Fixed Mortgage Rates Resume Decline

    Fixed mortgage rates resumed their decline, aiding homebuyer affordability amid a tight supply of for-sale homes in many markets, according to the recently released Freddie Mac Primary Mortgage Market Survey® (PMMS®).

    Survey results show the 30-year fixed-rate mortgage (FRM) averaged 3.62 percent with an average 0.6 point for the week ending February 25, 2016, down from last week when it averaged 3.65 percent. A year ago at this time, the 30-year FRM averaged 3.80 percent.

    The 15-year FRM this week averaged 2.93 percent with an average 0.5 point, down from last week when it averaged 2.95 percent. A year ago at this time, the 15-year FRM averaged 3.07 percent.

    The 5-year Treasury-indexed hybrid adjustable-rate mortgage (ARM) averaged 2.79 percent this week with an average 0.5 point, down from last week when it averaged 2.85 percent. A year ago, the 5-year ARM averaged 2.99 percent.

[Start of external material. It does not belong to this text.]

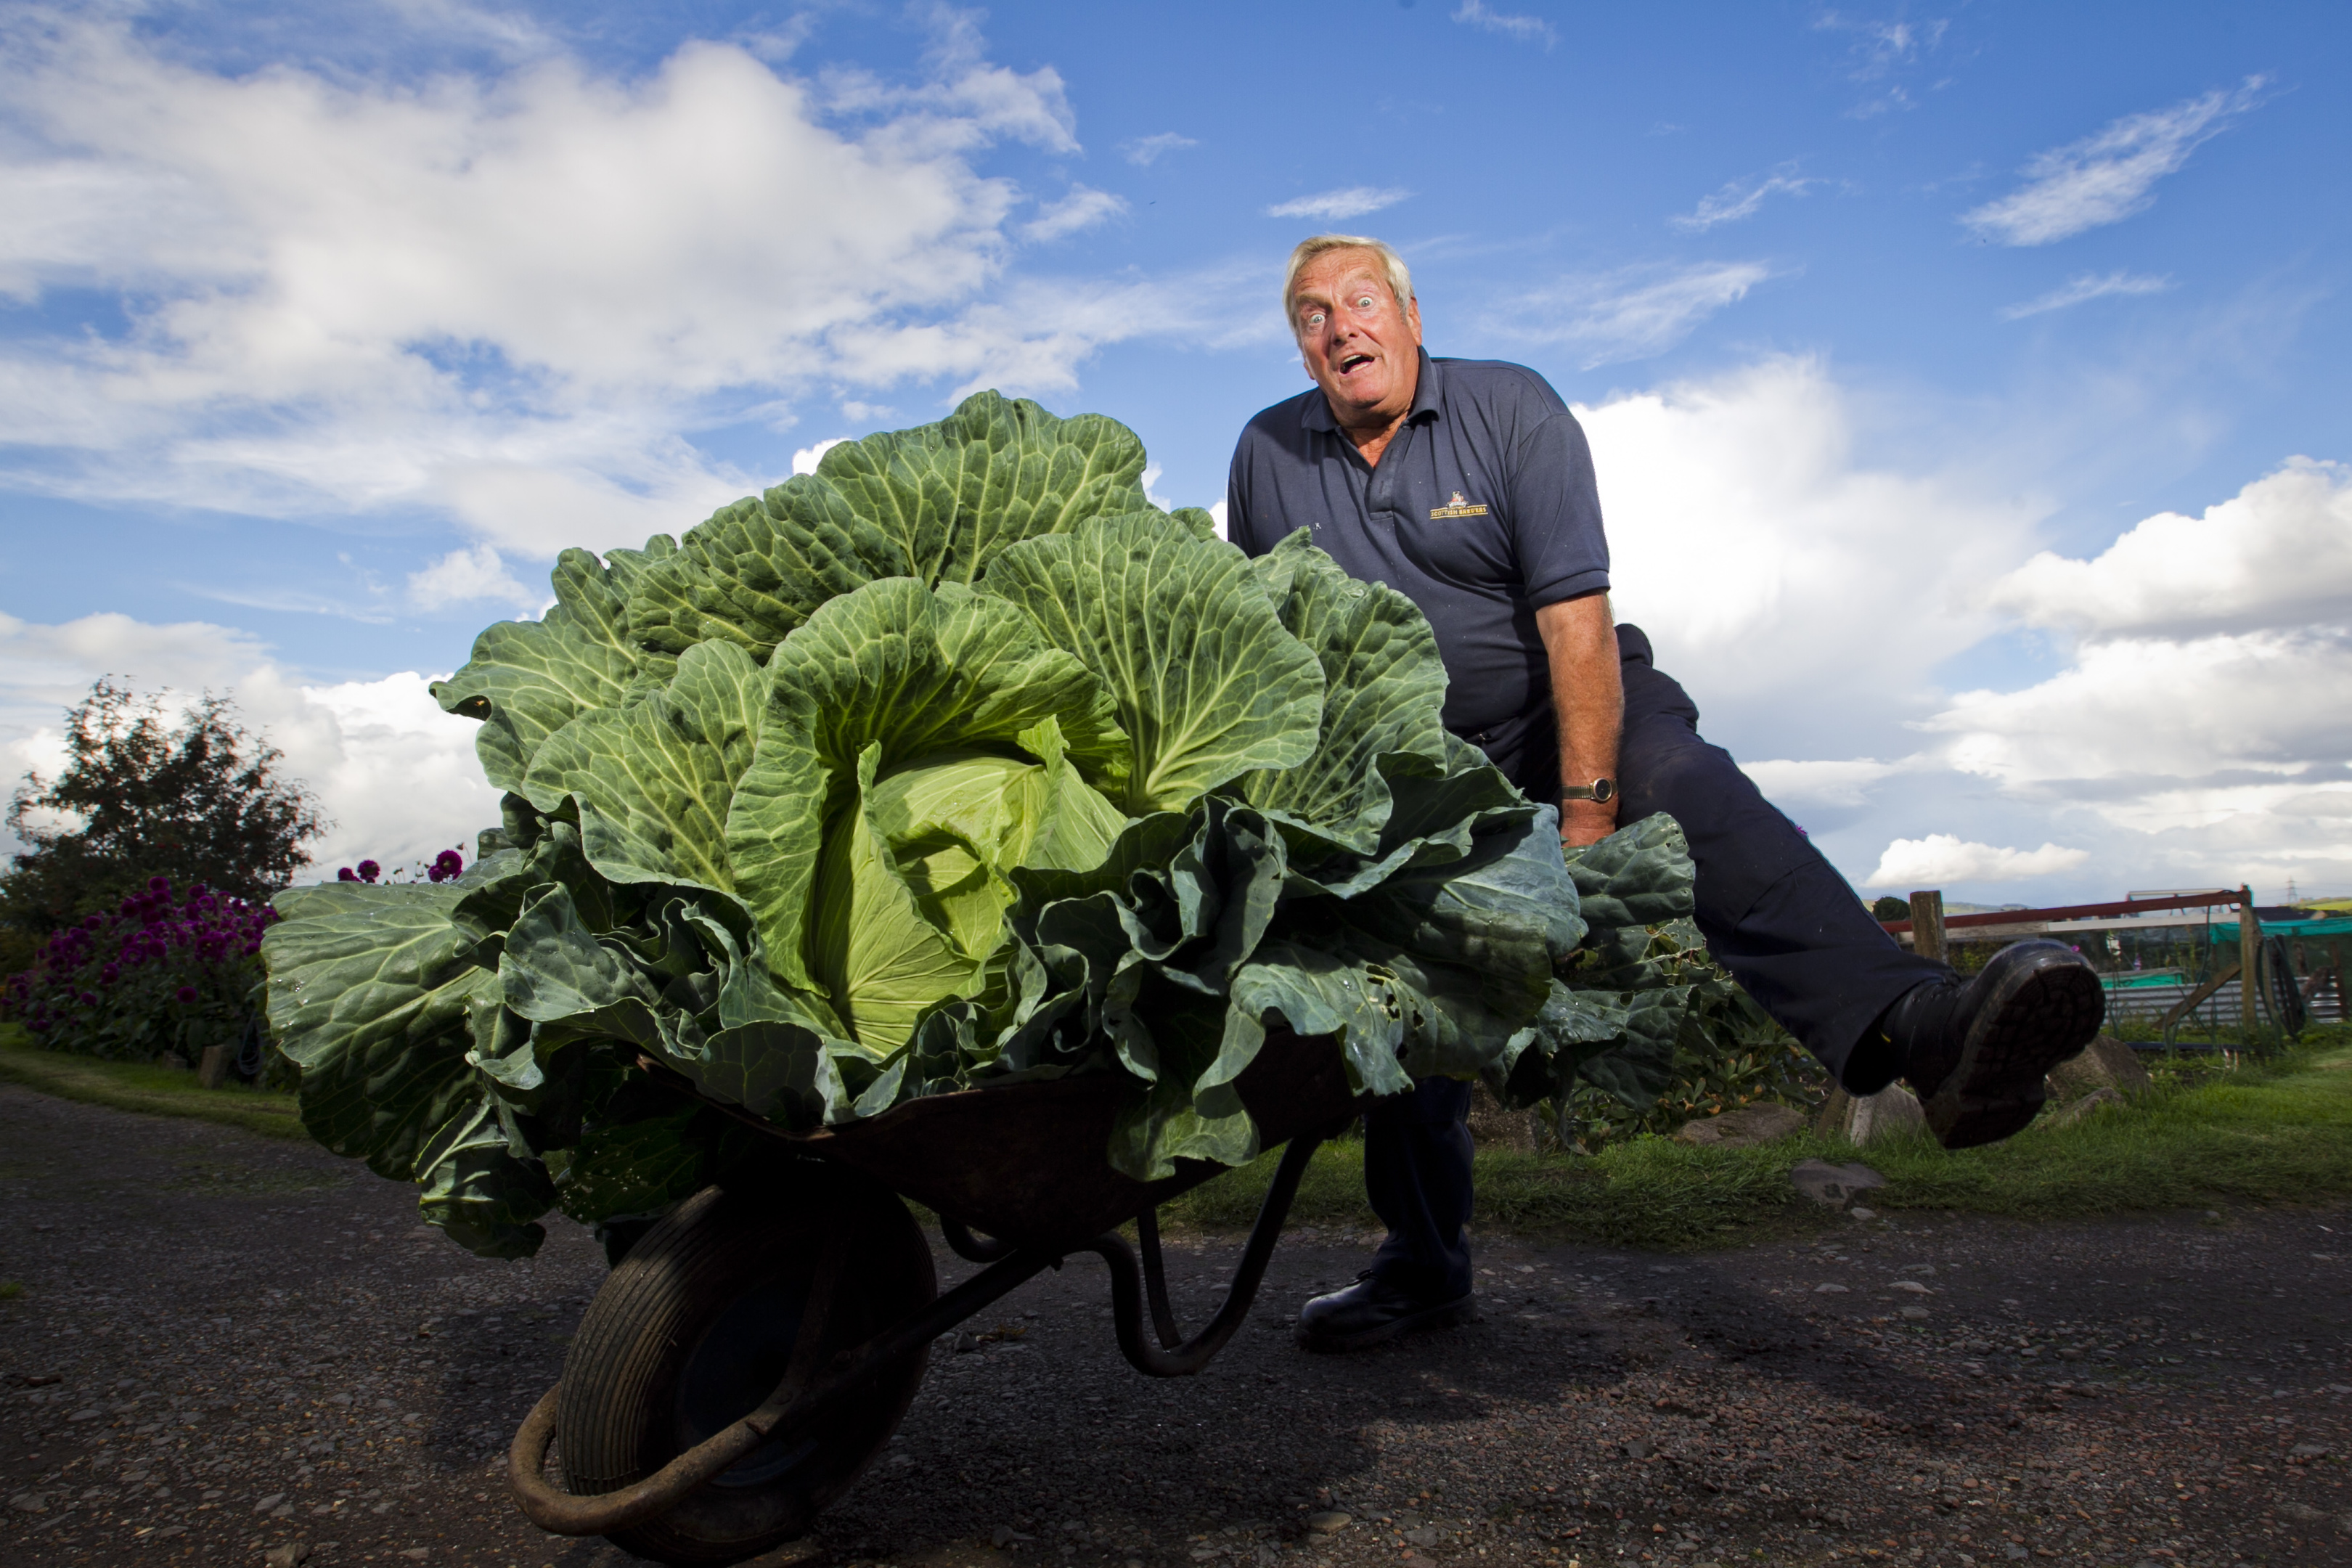 Bryan Calder with his giant cabbage (Andrew Cawley / DC Thomson)

    “Yields on the 10-year Treasury continued their downward trend this week after a small rally the previous two weeks,” says Sean Becketti, chief economist, Freddie Mac. “The 30-year mortgage responded, falling 3 basis points to 3.62 percent. Since the beginning of 2016, 30-year rates have fallen almost 40 basis points helping housing markets sustain their momentum into this year. Earlier this week, the National Association of Realtors announced existing home-sales were up 4 percent month-over-month in January and up 11 percent from last year.”